Oh yes: That's not a gravestone at the bottom. When we bought our property, we found this monument (it has a bronze plaque of the prior house-owners, back to the 18th C) leaning against, almost into the wall of the living room. Here by the carriage house it's a bit (but just) more stable.



A few days of sun and the "Macrobotrys" wisteria is showing that it knows its name. The flower chains are getting more "macro" by the minute.
They've lengthened time and again, exchanging their former scary-big caterpillar look for a Mannerist over-elongated impressivity of, well, deep and ever-deeper dangling. What will this lead too? How much lower can they go?
The vine has released itself into a solipsistic orgy of "Yup, I am amazing!" It's taken all that earlier discipline, doubled-down, and, without revenge or remorse, gone straight into exuberance. Amazing indeed.



Wisterias are as much Spring as daffodils. Long chains of fragrant flowers, truly in unprecedented, unstinting abundance. Like so many other Spring-blooming plants: fruit trees, magnolias, and, yes, daffodils. Flowers in Summer, Fall, and Winter are comparatively harder-won, and so the greater victory and value. But still, Spring is when the flowers leer out at us, with near assaultive intensity. Once a year, what the hell: Everyone can have a garden full of flowers, not just the hard-working, the big-spending, the deeply-experienced, and the esoterically-entranced.
Wisteria can be a part of Spring's rampant, even careless, floral shock troops. Racing to the top of trees as well as houses, running out along the ground twenty feet in all directions, looking for another victim to smother. It's a mighty python of a vine that will crush your pergola, remove the shutters from your windows, and then get to work on the clapboards too. Wisteria flowers are incredible, but if they're on an out-of-control monster, it's fool's gold to keep the plant alive. Saw it down to a stump and then kill the sprouts with Round-Up.
But is wisteria therefore, deep down and bred-in-the-bone, a bad-spirited beauty? Twisted, yes (but you knew that: It's a twiner.) But not bad. Wisteria is really just a big masochist. All of that acting-out is just a cry for help to the sadist it so dearly craves—you, the gardener—to come along and prune it radically, frequently, and without mercy. What a delicious relationship to begin cultivating. And if you do, your wisteria will show gratitude by begging to please you even more—by putting out more buds than it ever did on its own wide-ranging, neighborhood-terrorizing recognizance.
I've been Mr. Toughie with all of my wisterias since they were still in diapers, and I'm proud to say we've all getting along very nicely. The proof? Here's the variety with the longest flower chains—to three feet, even four I'm told—showing me that it's Life Mission is only to please me more. Look at all those buds, those emerging flower clusters.

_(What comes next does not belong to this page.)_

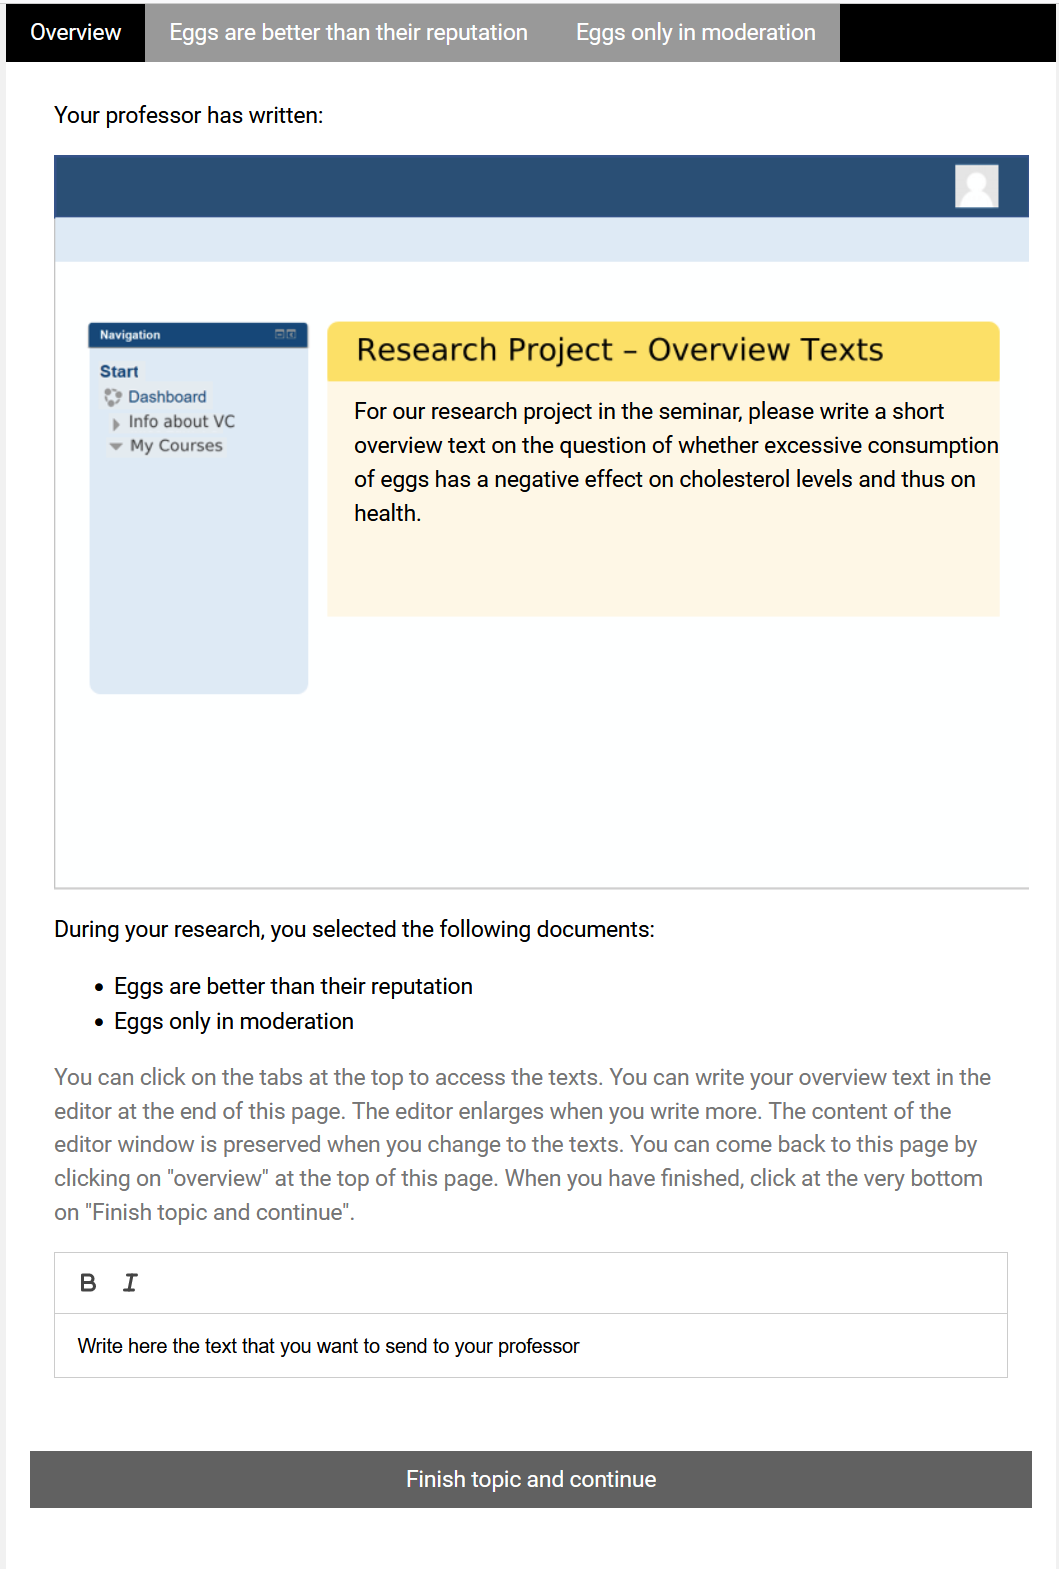 Screenshot (english translation) of the task in the university context
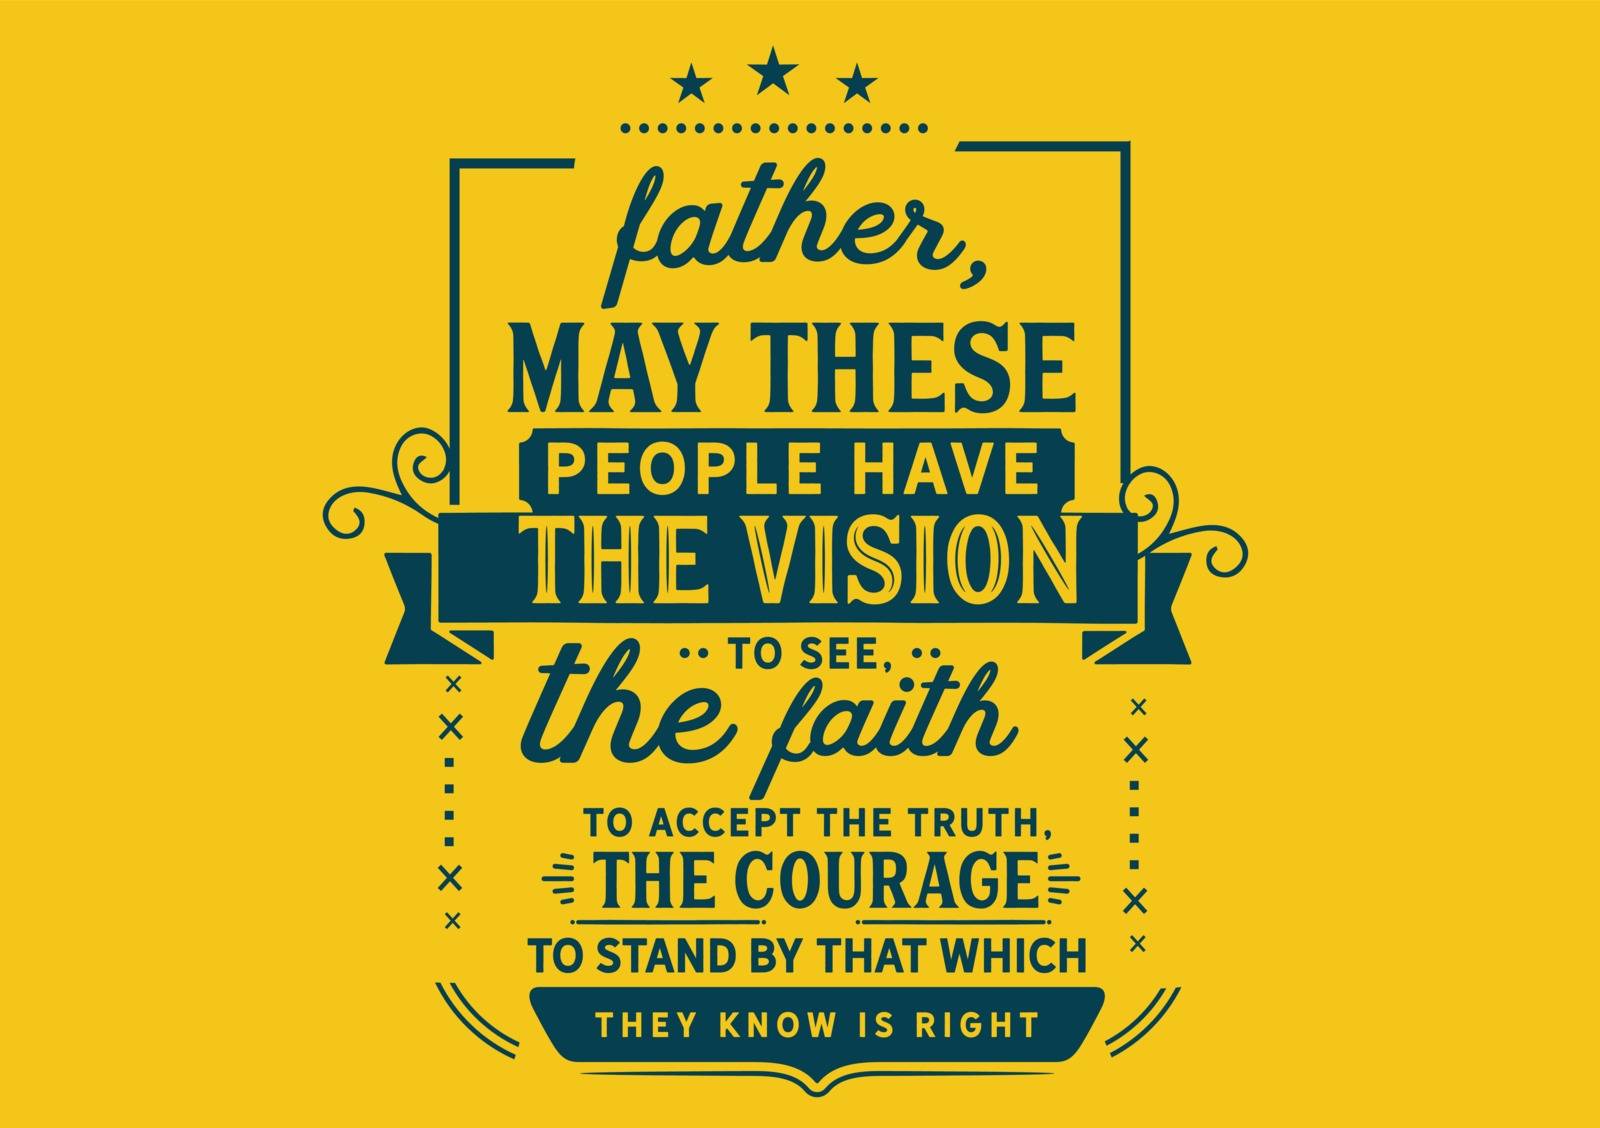 Father, may these people have the vision to see, the faith to accept the truth, the courage to stand by that which they know is right.

"Macrobotrys" is the cultivar in question. "Macro" clearly means big; "botrys" means (I'm guessing; my horticultural dictionary—yes, the actual physical book—is in RI) flowers-in-long-chains. So "macrobotrys" means the longest of the long. Plausible, right? Very: there's also a tropical vine, Strongylodon macrobotrys, with staggering long chains of flowers too. Or maybe "macrobotrys" just means "Jeez, look at the size of those things." (Get strongylodon at Logee's.) Plausible too.
I've never seen at strongylodon vine in bloom (sigh), so I don't know what their buds look like. Wisteria's can look, at first, like an infestation of some horrible huge caterpillar as thick as your thumb, and getting, by the hour,
longer and longer...
...and longer...
...and more full of "impendingness", of promise that a lot is going to happen, and soon.
I'm back in RI in 36 hours, which will be, oh, 3 - 4 days after these pictures were taken. How long with the bud clusters be then? How much more "macro"? I love when a vine is going to unprecedented lengths, literally, to please me.